Arms crossed, Mira offered Elma and Lin a pleasant look as they stared on, chewing lips and cheeks and other fatty things that hid bounties and secrets and caution, alongside all that healthy confusion.
"So, you're Mira," said Lin.
"That's what I told you," Mira replied. Based on the information available on Chausson and Torres, having this same conversation up at headquarters would be a much greater ordeal, even if everything remained harmless.
"And, that's it," she continued, in the same tone and cadence. "You say you came from Earth, just like the rest of us," - was that a wince from Elma? - "yet you have nothing to say for yourself. No memories. No roots."
Mira could sense the hardening happening somewhere up the soft side of Lin's cranium. You're not like us. You're hiding something. And I really haven't had much of a reason to trust you, or get attached, as yet.
"You want me to tell you if you're supposed to be here?"

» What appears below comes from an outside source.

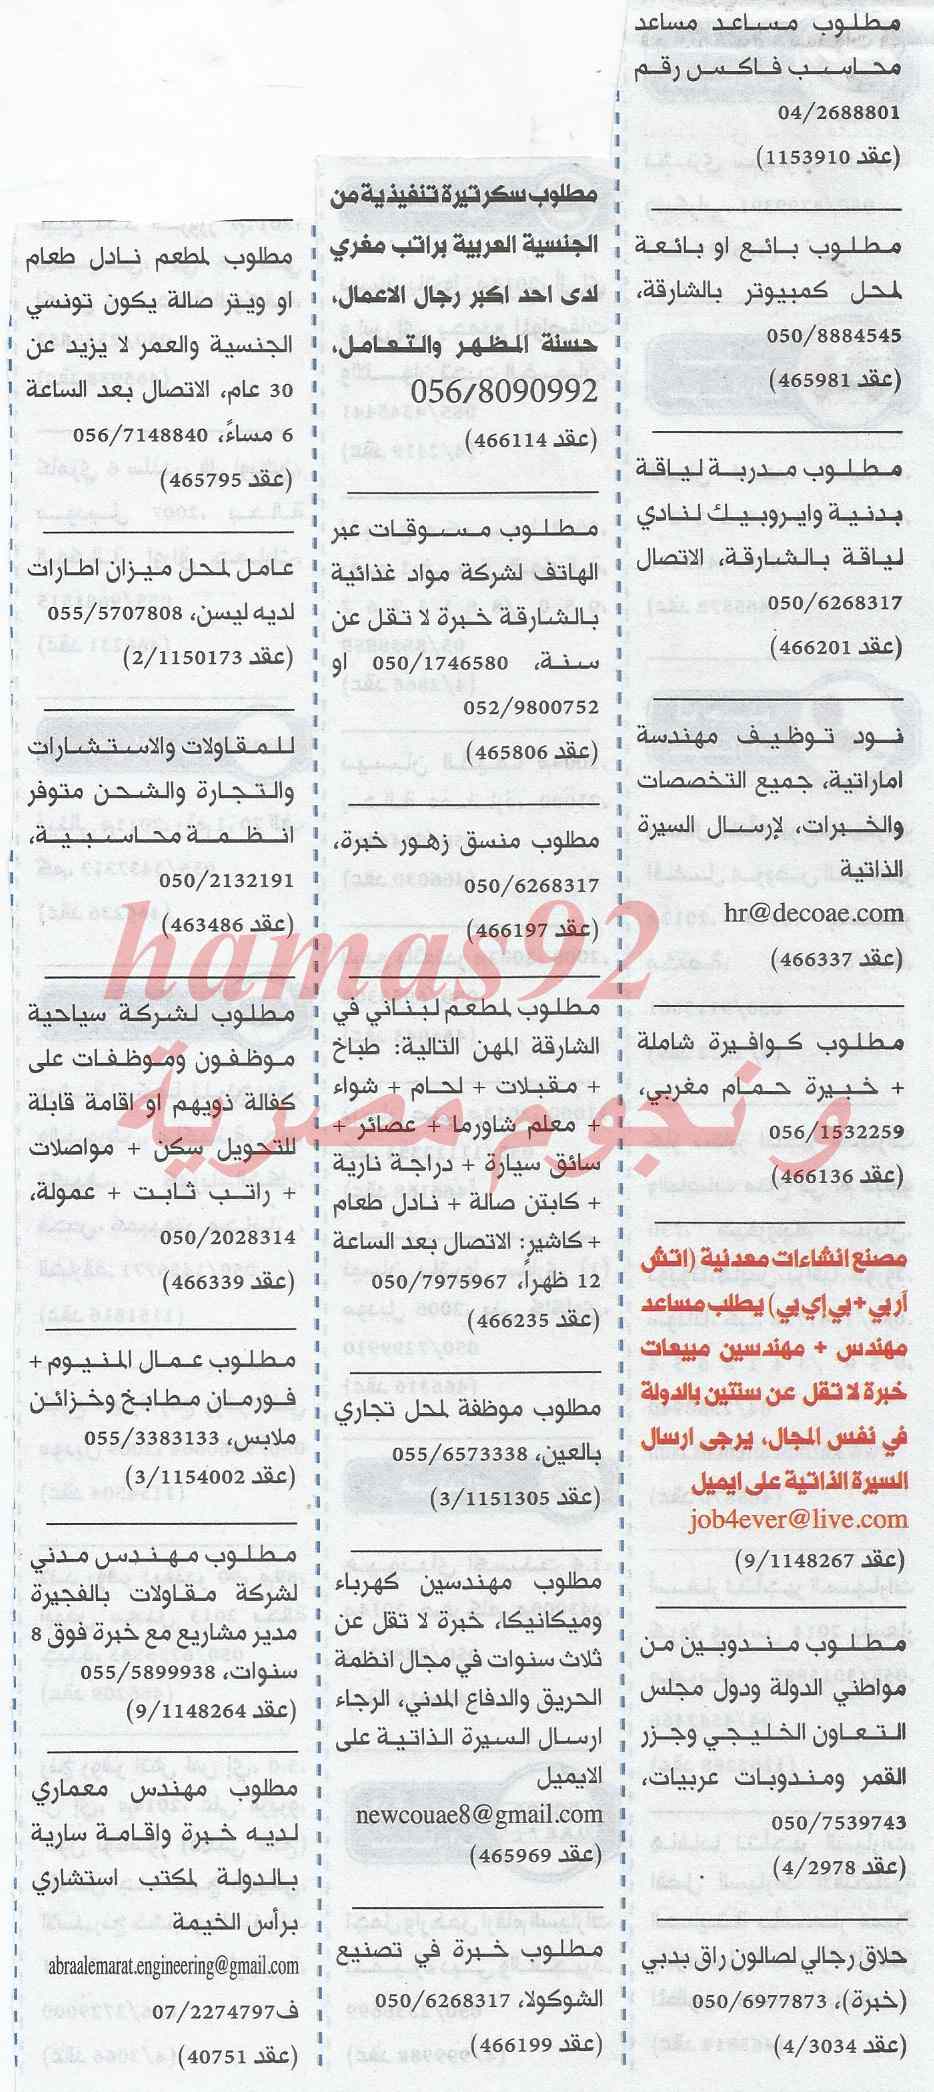 وظائف خالية 21 فبراير 2014 , وظائف جريدة الخليج الامارات يوم الجمعة 21-2-2014

Tell humanity what to do with themselves, adrift on the giant rock of all giant rocks, attuned to the universal translation of their unwitting guide? Tell them, get stuck in, get down, or get off? Tell them, as if they'd ever listen?
Lin deflated, quite visibly, at Mira's seemingly recalcitrant response. "That would be nice, yeah."
"I think," began Mira, raising one brow and angling it at Elma, "that if this planet really didn't want you here, there would have been some neon signs. Unless you consider Prone rifles to be neon signs."
Elma's own eyes narrowed substantially at that. "She didn't ask what the planet thought. She asked if we're supposed to be here."
Okay. Yeah? Humans have been wondering that for years, and years, and years...
"I don't think that was an idle inference you just made."
Nothing Mira had said thus far was factually untrue, though. If you pardoned the bit about the eyes (and sue a body for not wanting to divulge every little disability, or close relation), Mira had been totally amicable and cooperative.
Had Mira been a stable system prior to the White Whale's arrival? No way of knowing. Hadn't been anyone here. Certainly hadn't been any other proper, full-fledged habitats around.
Was Mira a stable, happy-clam system now that it played host to the remains of an entire galaxy's worth of race? No way to find out unless you had a little patience.
The fluorescent bulbs were still charging up their borromean knots, in other words. It was just a little bit too early to tell, and way too early to be going and spilling the hand of Noctilum.
Mira sighed, thankful for the inability to roll eyes. "You're looking for God? Then keep looking. Otherwise, as far as I can see, it's just you, me, and the cold, hard ground."